Assembly and baking:
- Preheat the oven to 177°C (350°F). Line a rimmed baking sheet with parchment paper.
- Remove pie dough from refrigerator and rest on counter for ten minutes before rolling out.
- On a well-floured surface, roll out the dough until it is at least 13 inches in diameter.
- Trim the dough to form a 33 cm (13-inch) diameter circle and transfer to the parchment-covered baking sheet. Sprinkle the spice mixture evenly across the dough.
- Using a fork, mark 4 cm (1.5 inches) into the pie dough to ensure sufficient pie dough is left on the edge to wrap over the apples.

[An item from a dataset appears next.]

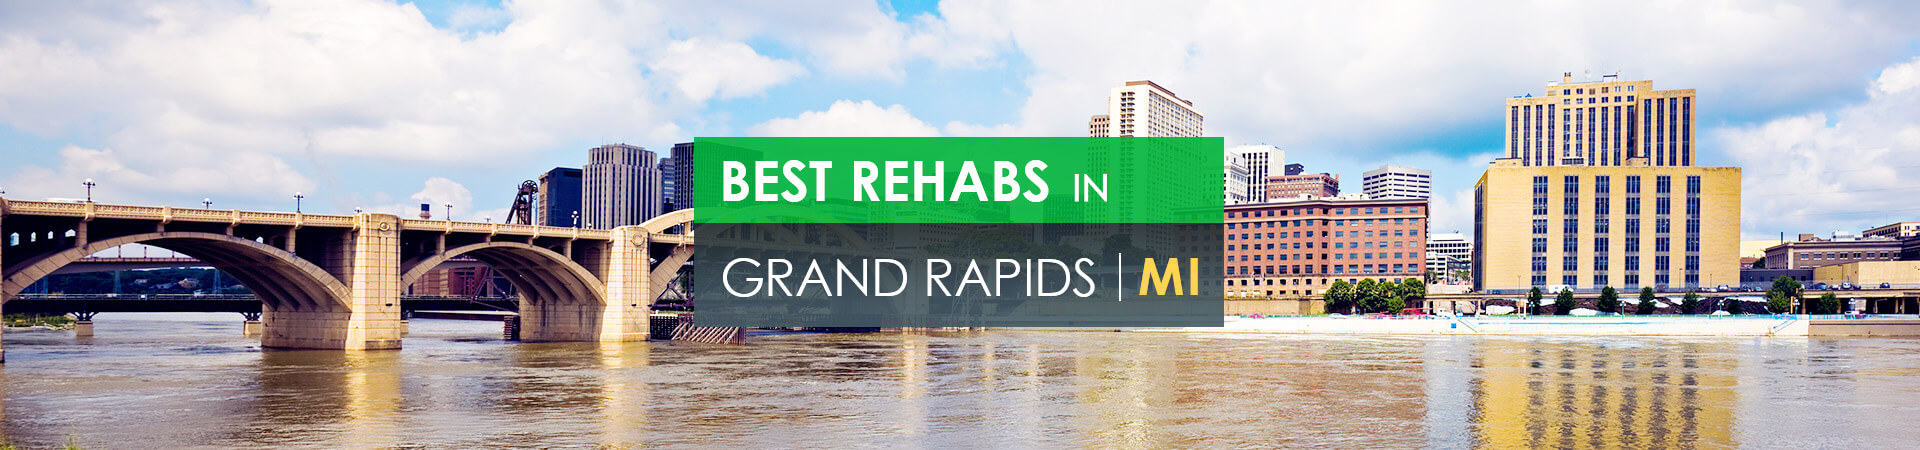 Best rehabs in Grand Rapids, MI
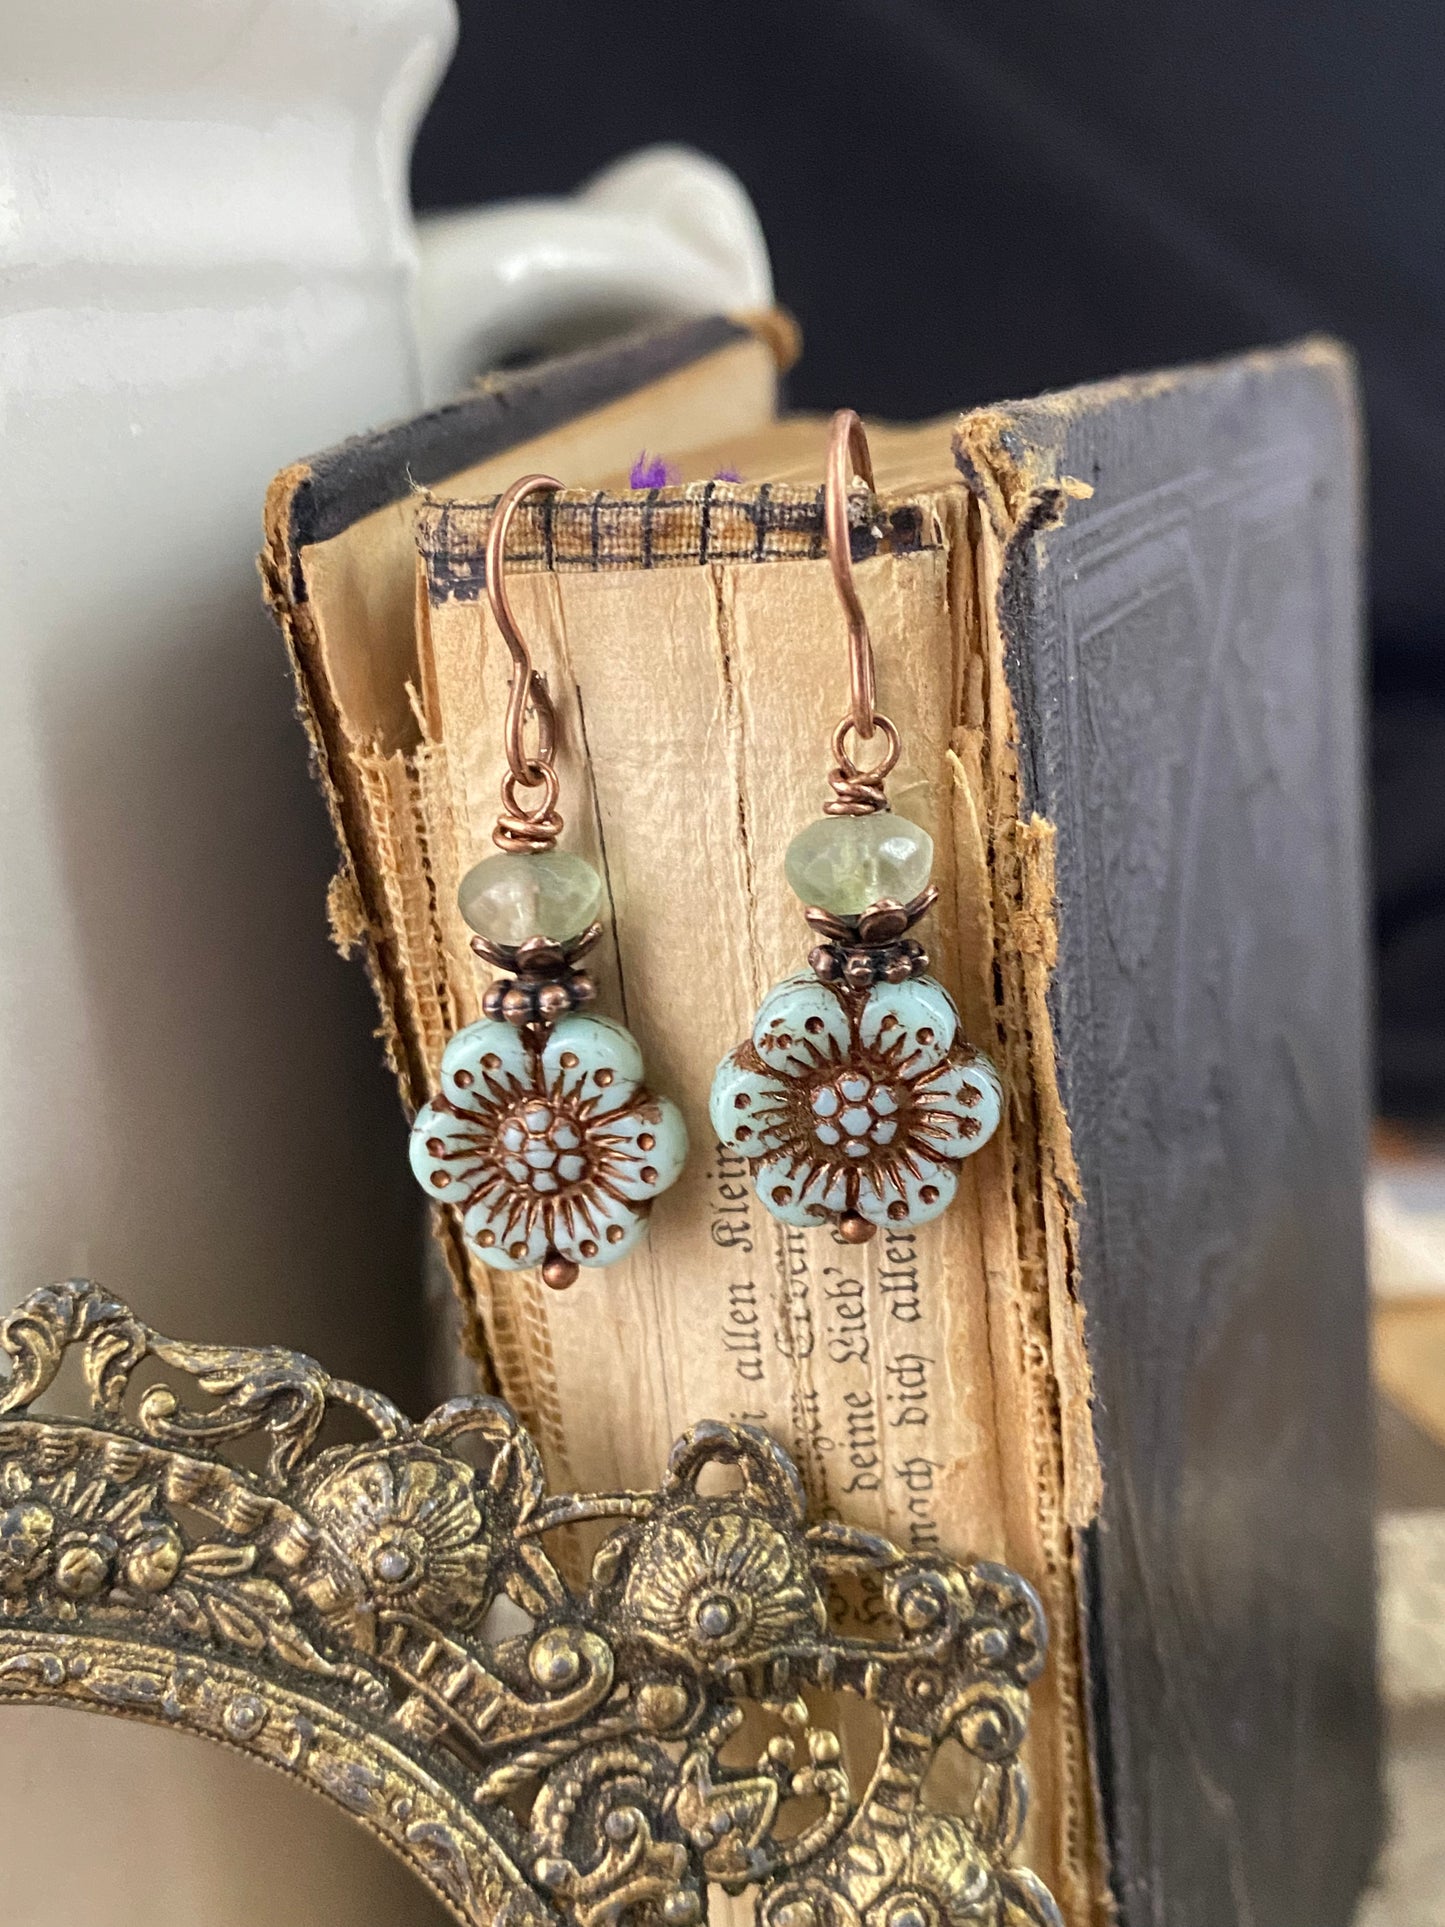 Flower Czech glass in light green and blue, copper metal earrings, jewelry

- In a pattern of your choosing, overlap the thinly sliced apples on the pie dough. For best results, tightly overlap the apple slices (the thinness of the apples allows for you to easily design your own pattern).
- Cut slits into the sides of the pie dough every 8 cm (3 inches) to create flaps. First fold over every other flap, then fold up the remaining flaps. This ensures a nice round, galette with an attractive border. With moistened fingers, seal the outer edges where the flaps meet.
- Using a pastry brush, paint the beaten egg over the folded-over pie dough.
- With a clean brush, paint the melted butter over the apples, and sprinkle with sugar.
- Bake until golden brown and fragrant, about 60 minutes. Allow to rest for at least 15 minutes before serving.
*A rimmed baking sheet for the galette will protect your oven in the likely event that the galette leaks juices during baking.